■ Problem ■
Exactly retype the lines below from the one containing "USA made * Wrangler" through the end of the listing. Leave pictures out.

■ Data excerpt ■
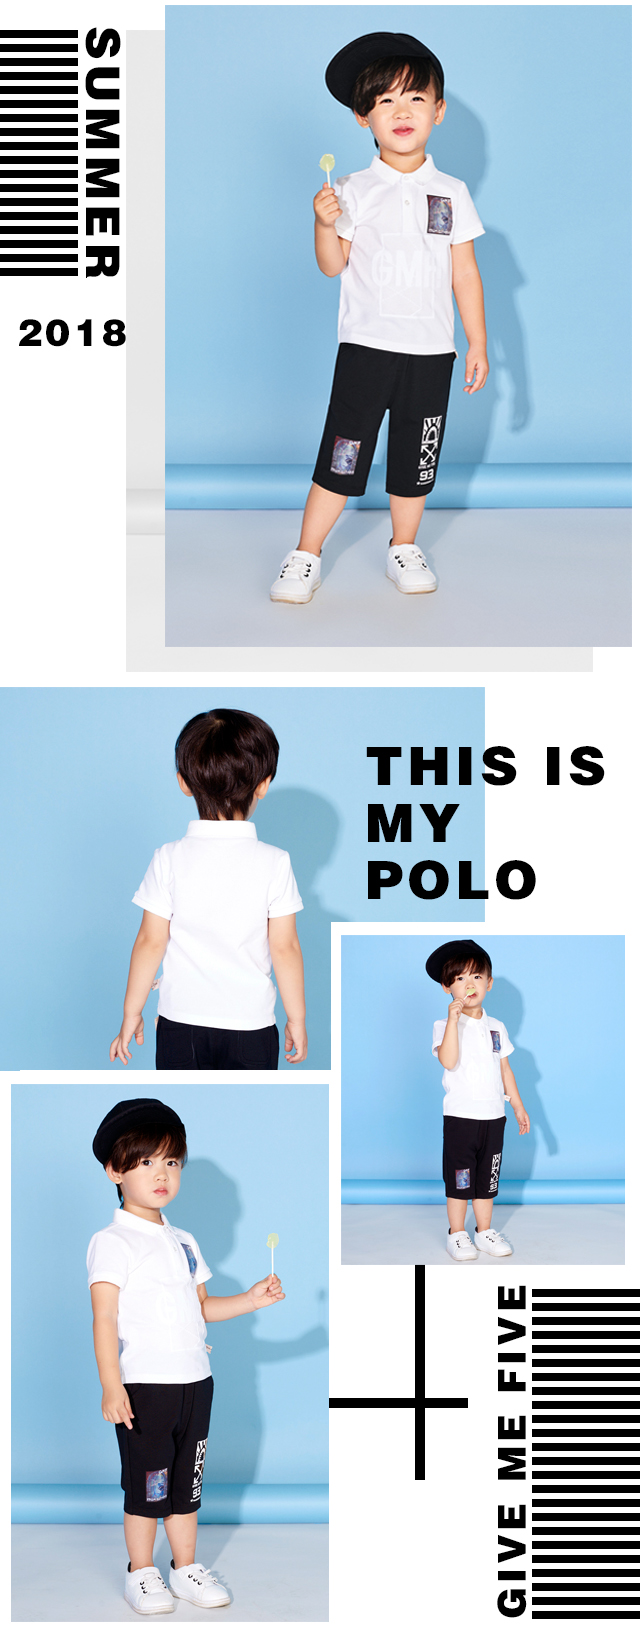 Give me five children's clothing: how to live up to the feelings of a Polo shirt
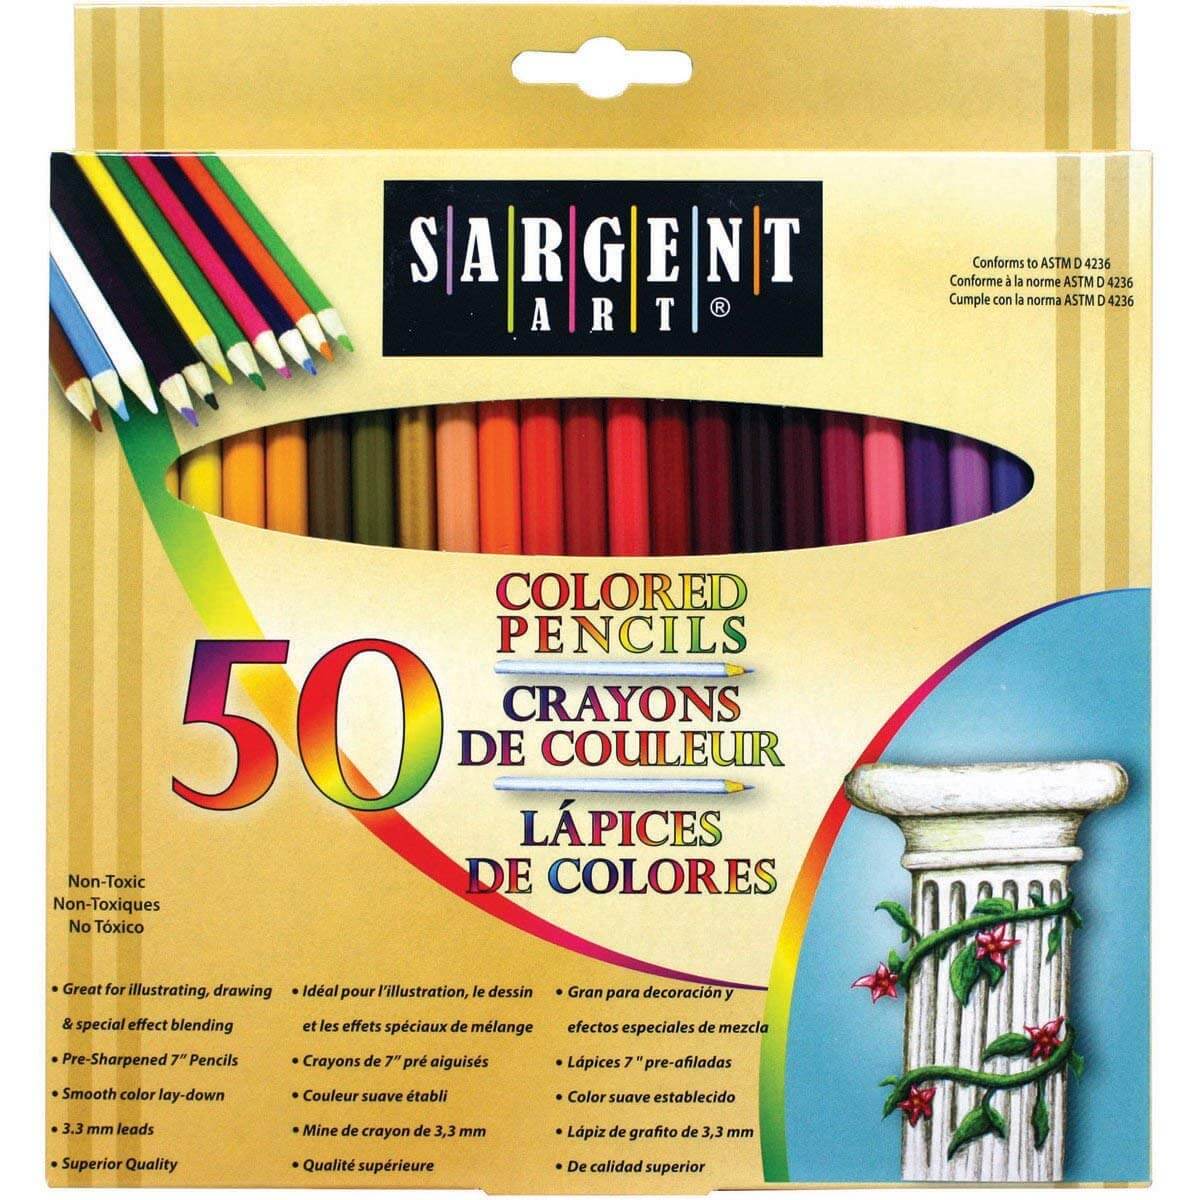 SJ STAR-JOY Gold Edition 120 Colored Pencils for Adult Coloring, Premier Color  Pencils for Layering Shading Blending, Holiday Gifts for Artist Drawing,  Oil Based Colored Pencils
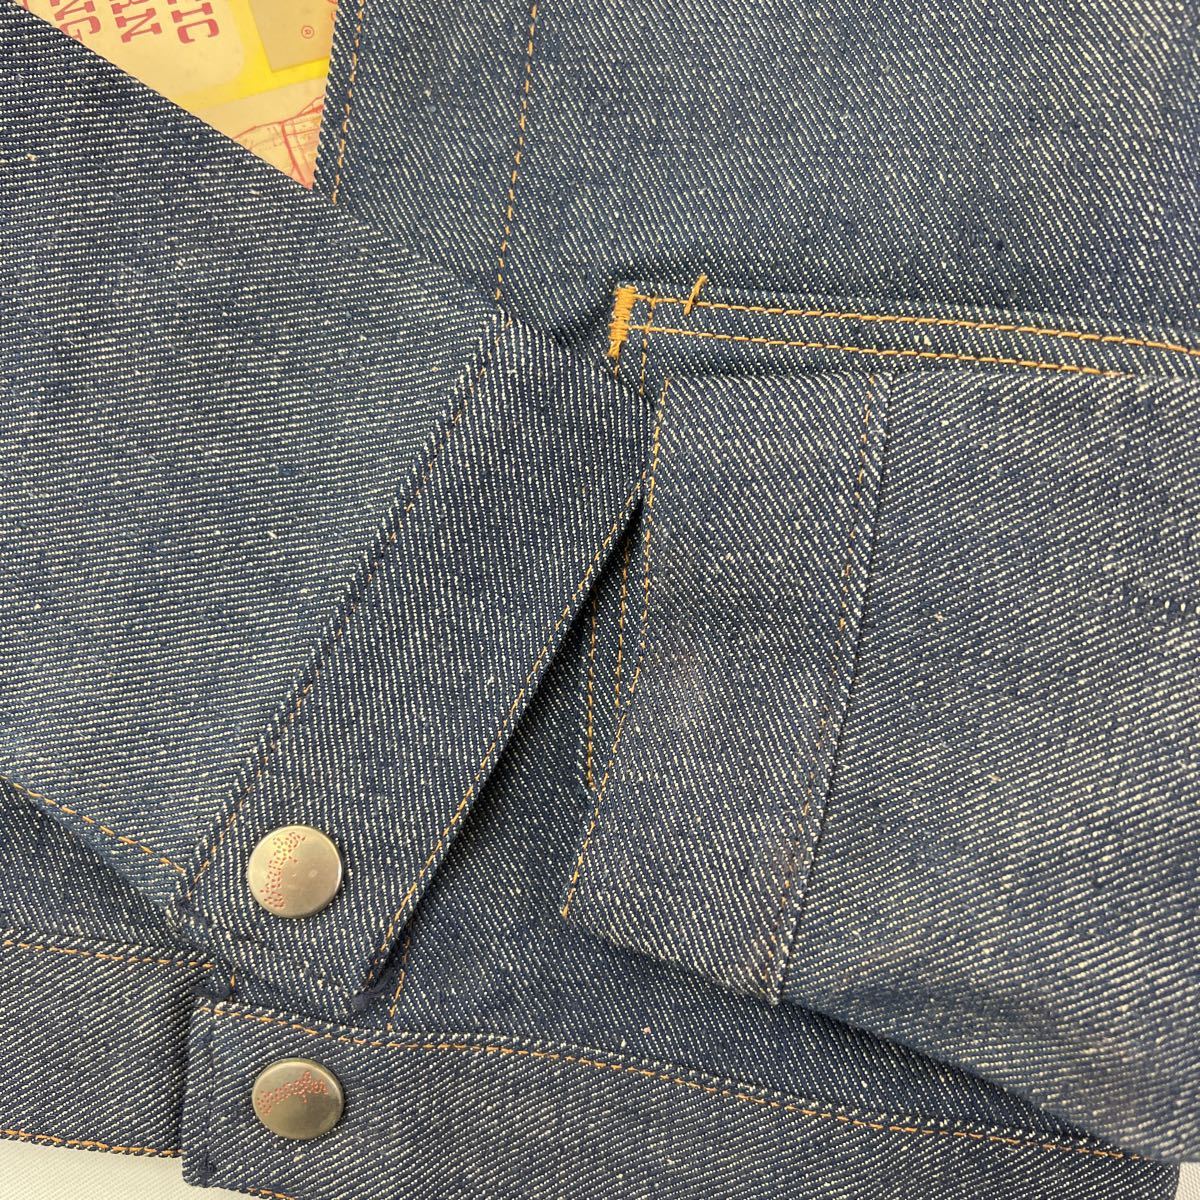 USA made * Wrangler 70s rare * dead stock Flyer attaching Kids 5 -years old for Denim jacket G Jean American Casual US old clothes Wrangler #S1428
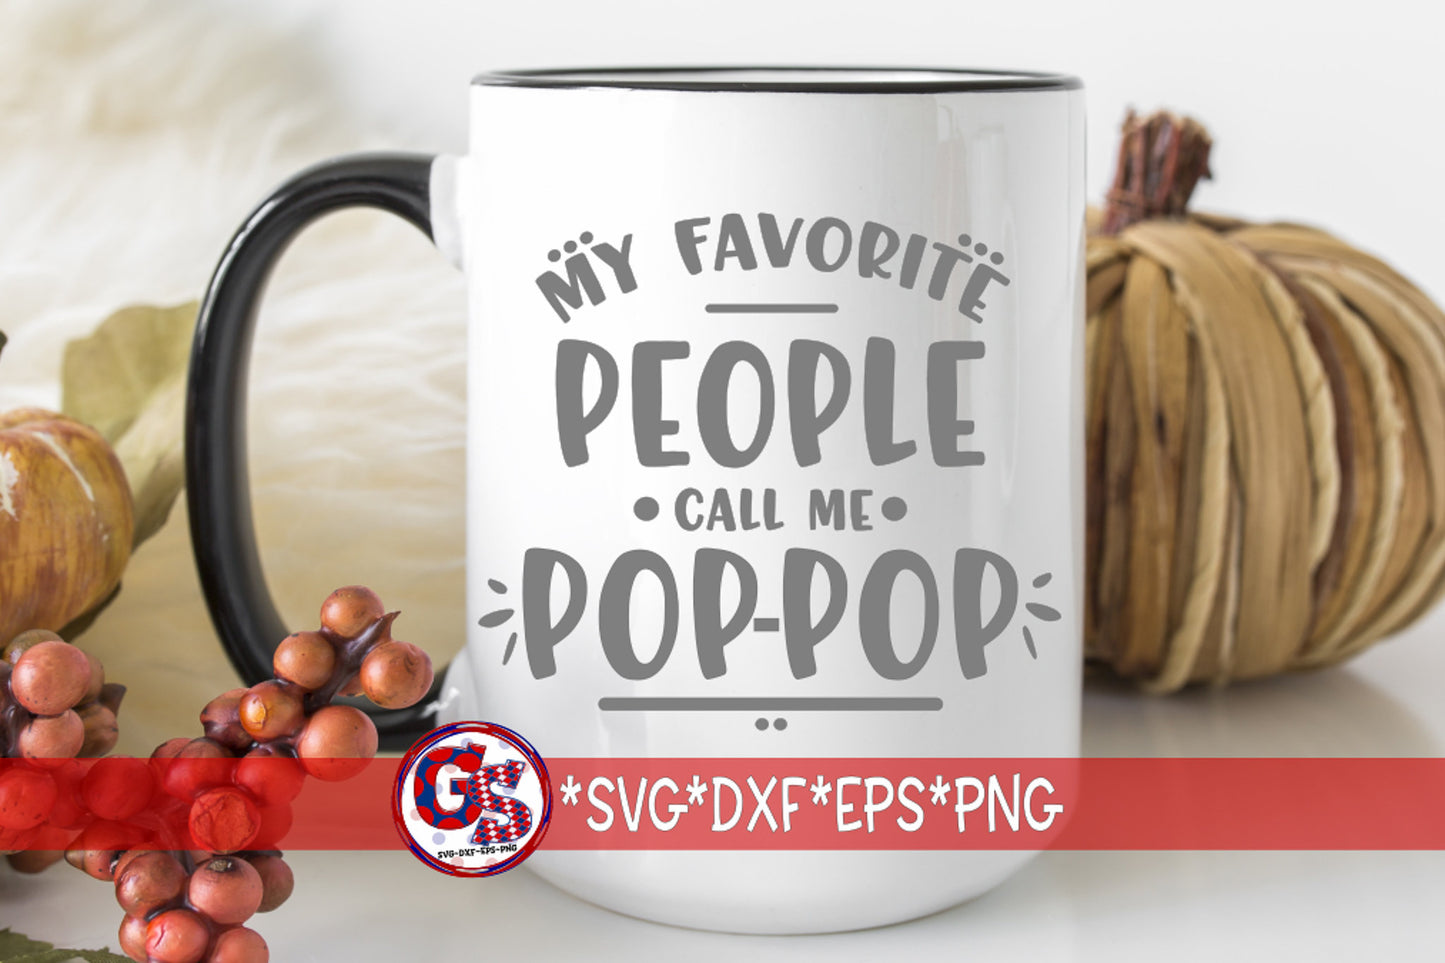 Father&#39;s Day SVG | My Favorite People Call Me Pop Pop SVG | Pop Pop svg, dxf eps png. Pop Pop | Father&#39;s Day SvG | Instant Download Cut File

■ Solution below ■
 USA made * Wrangler 70s rare * dead stock Flyer attaching Kids 5 -years old for Denim jacket G Jean American Casual US old clothes Wrangler #S1428
 Father&#39;s Day SVG | My Favorite People Call Me Pop Pop SVG | Pop Pop svg, dxf eps png. Pop Pop | Father&#39;s Day SvG | Instant Download Cut File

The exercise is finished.